Epidemiological Programmer, Real World Evidence in Reading

IQVIA is hiring to expand our dedicated Real World Evidence (RWE) FSP team, working fully within the environment of a prominent Pharma company. This Epidemiological Programmer role sits within our Real World Solutions team and will be responsible for leading development of datasets and conducting longitudinal analyses for observational studies in the virology therapeutic area under one client portfolio.

It is important for this individual to have demonstrated experience and applied proficiency in observational research utilizing EMR and claims data, a strong statistical programming skillset, both knowledge and applied experience with epidemiological study design, terminology, cohort building, and RWE outcome measures, and experience managing multiple studies and complex analyses.

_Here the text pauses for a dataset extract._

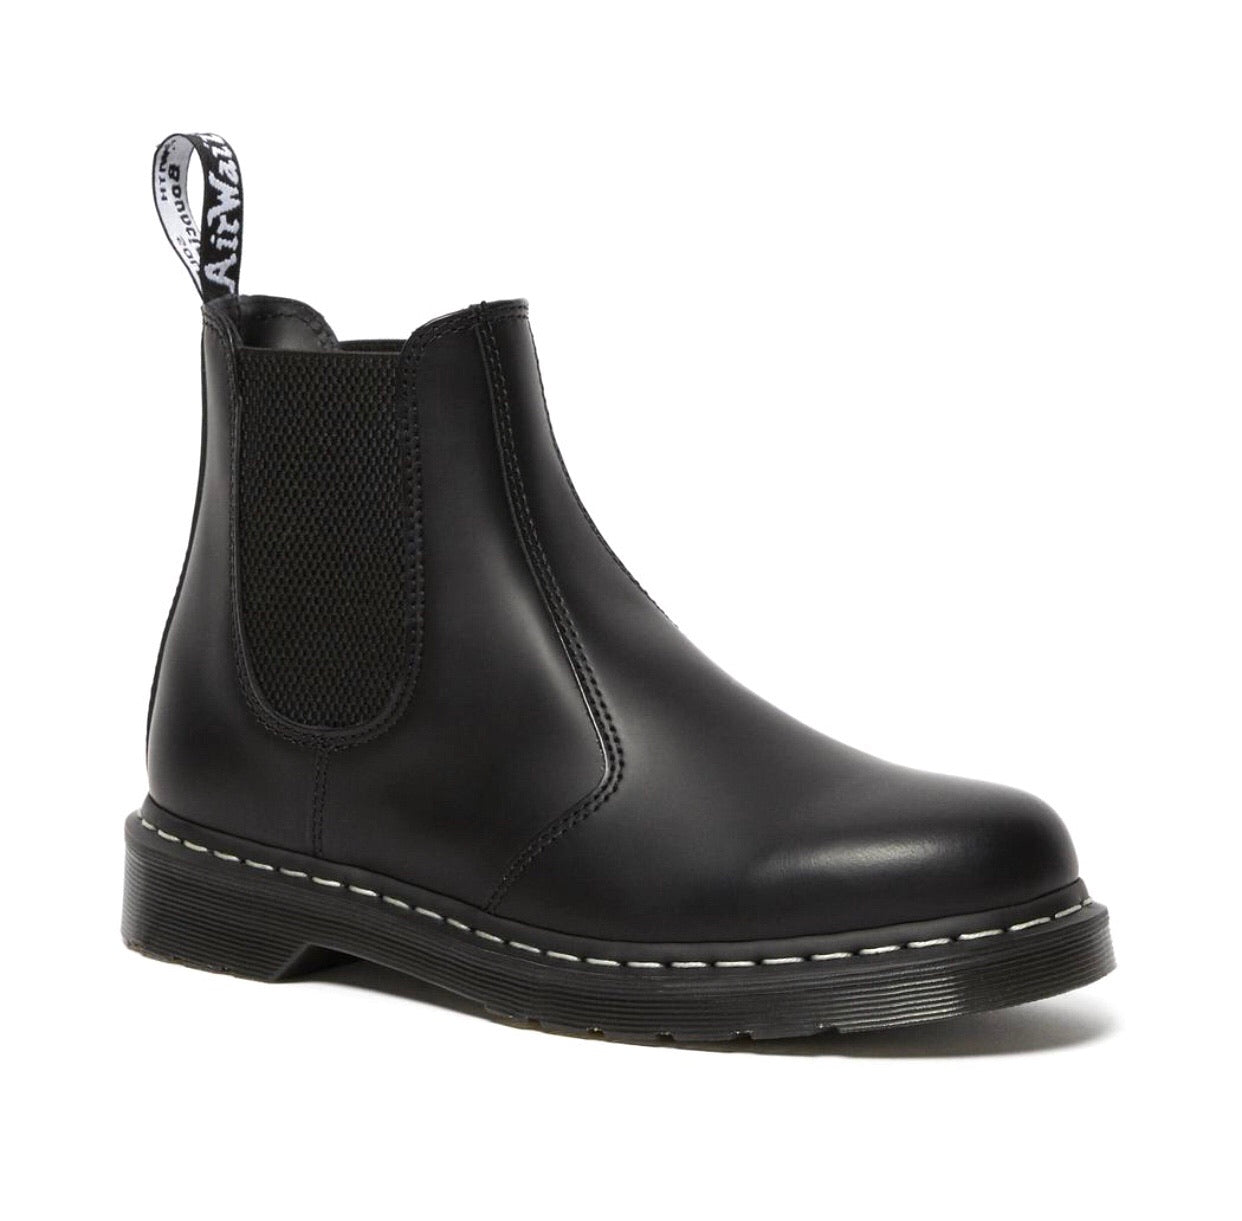 Dr. Martens 2976 Black Smooth White Stitch Chelsea Boot

In this role, individuals will have access to real-world databases and act as the stewards of the client's best practices, standards, and methodologies underlying the use of real-world data (RWD).

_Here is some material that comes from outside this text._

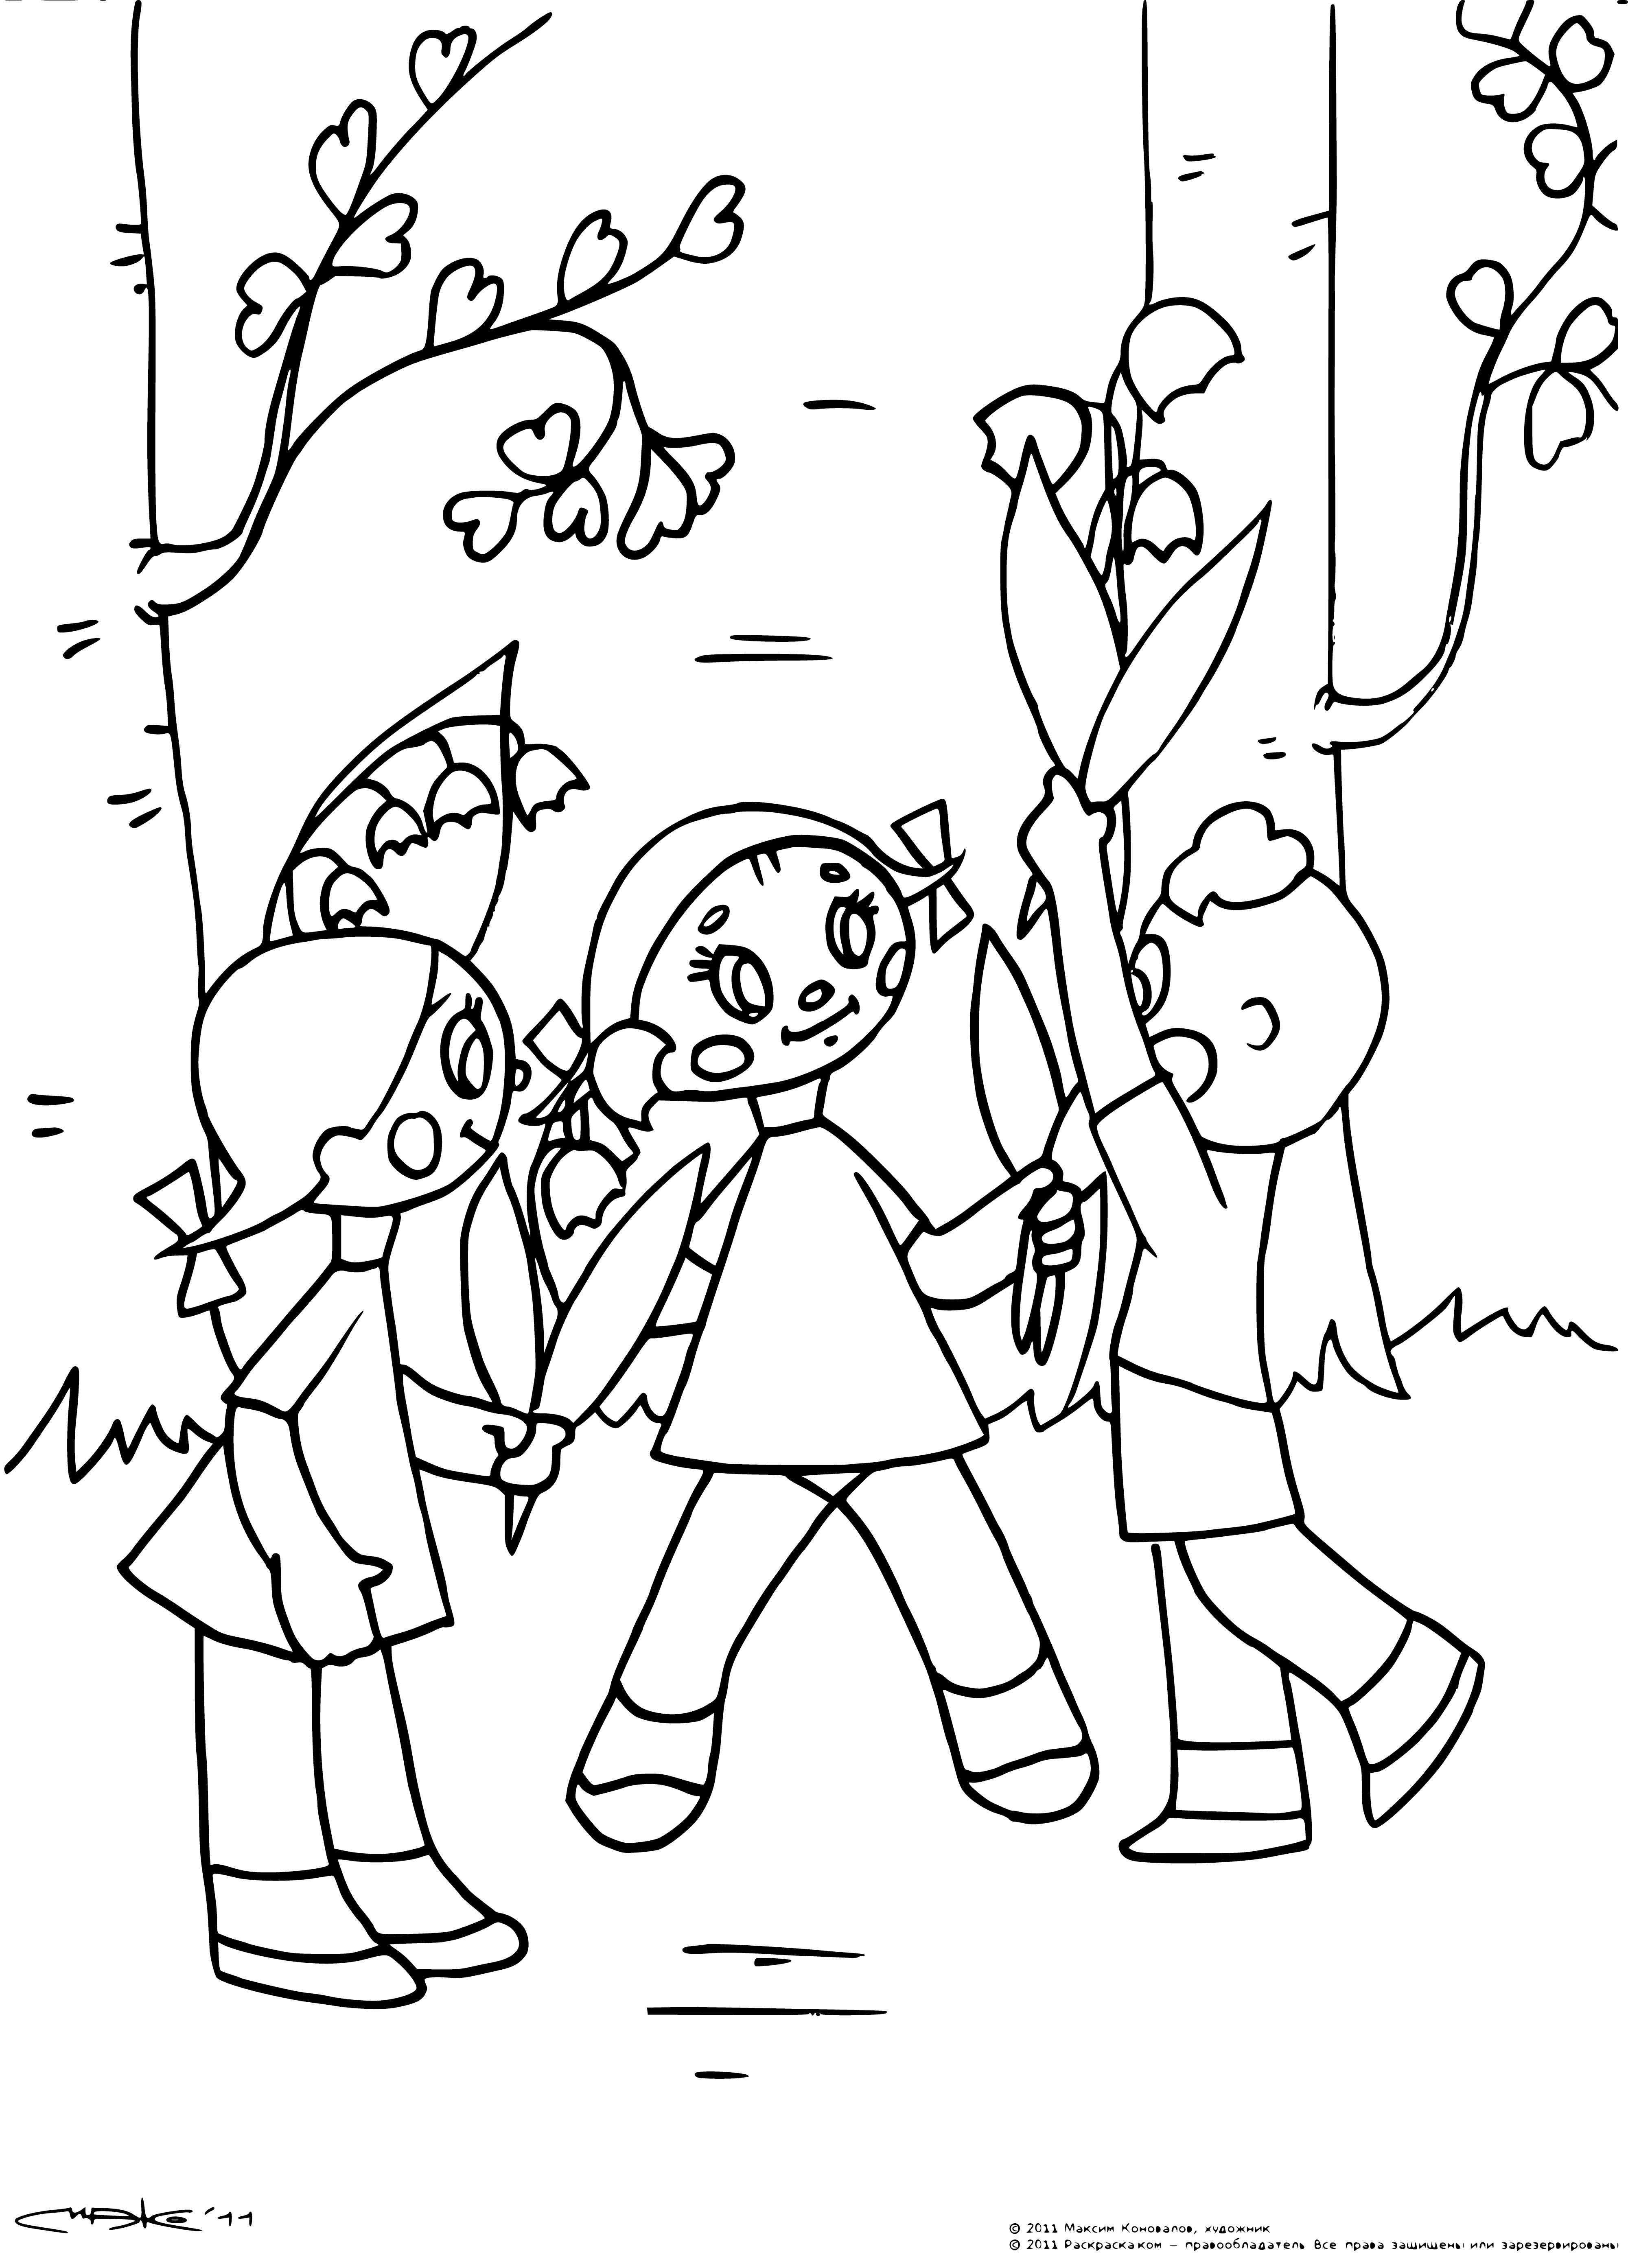 coloring page: Old loco surrounded by happy kids in the woods. Small girl sitting watching them. Ivy covers the loco.

• Lead development of analytic datasets through raw data processing and conduct data checks / cleaning using secondary real world data sources, including claims, EHR, and lab data (e.g. Optum, HealthVerity, TriNetX, IQVIA PharMetrics Plus).
• Lead the feasibility of real-world data sources to characterize patient population, build patient cohorts, and define and validate key variables specific to study objectives.
• Conduct and QC analyses, including identification of diagnosis and treatment codes and applying statistical methods to handle censored data, confounding, differing person-time, and missing data.
• Collaborate with epidemiologists on study design and methodology, as well as define specifications for descriptive and complex statistics (e.g. longitudinal analysis, survival analysis, regression models, propensity score methods) in studies using RWD for virology research questions.
• Develop and QC TFLs for protocols/reports/manuscripts using RWD (e.g. claims and EHR).
• Support development of other study documents including protocols, statistical analysis plans, and study reports.
• Communicate timelines, progress reports, and results to project team and key stakeholders.
• Provide technical, programming, statistical, and epidemiological expertise and independently bring project solutions to team for complex studies.

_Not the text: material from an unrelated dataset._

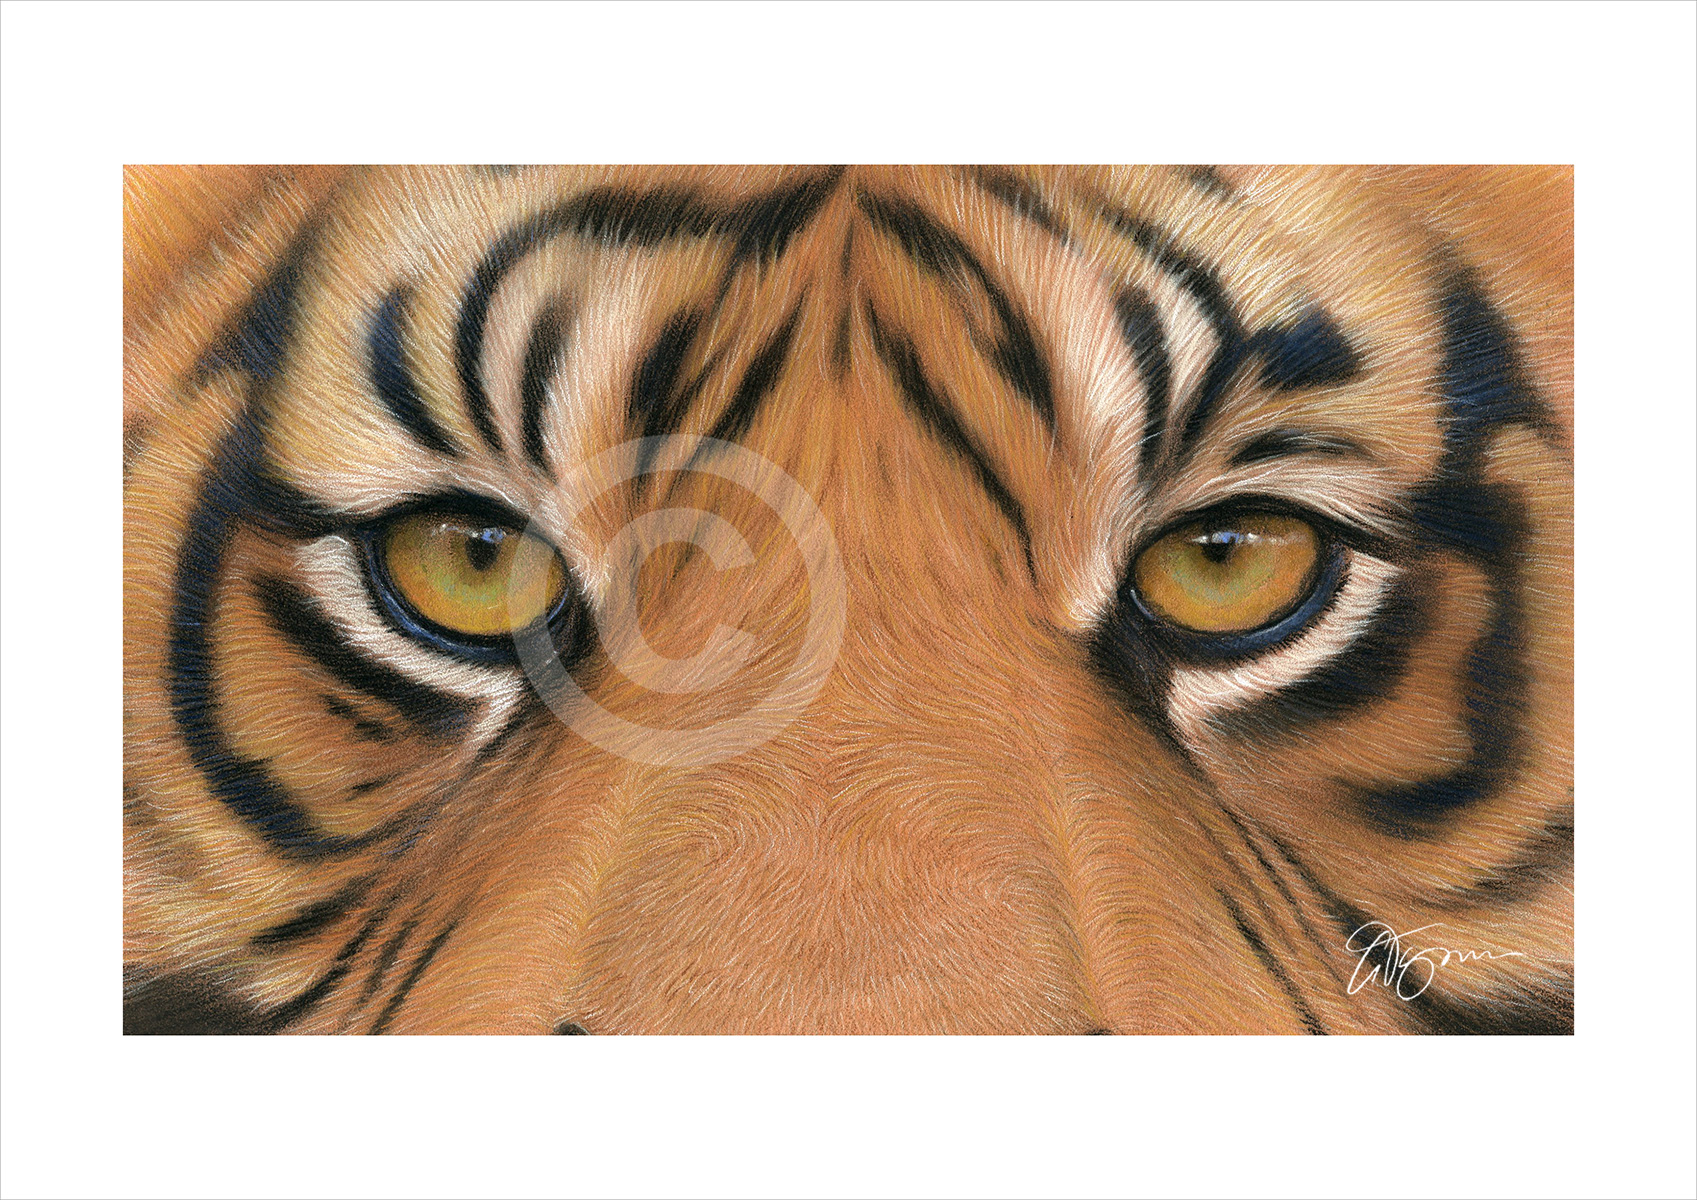 Colour pastel drawing of a Bengal Tiger's eyes by artist Gary Tymon

• Master's Degree in Biostatistics, Epidemiology, Outcomes Research or related field with 5-8 years relevant experience or PhD with 3 years relevant experience required.
• Strong track record of analysis of RWD using EMR and claims data.
• Demonstrated proficiency in advanced statistical programming using SAS and/or R, macros, SQL required.
• Demonstrated experience and applied proficiency of RWE study design, terminology, cohort building, and analytic methodologies.
• Prior pharmaceutical experience.
• Excellent analytic and communication skills with attention to detail.
• Ability to effectively manage and prioritize multiple tasks and projects.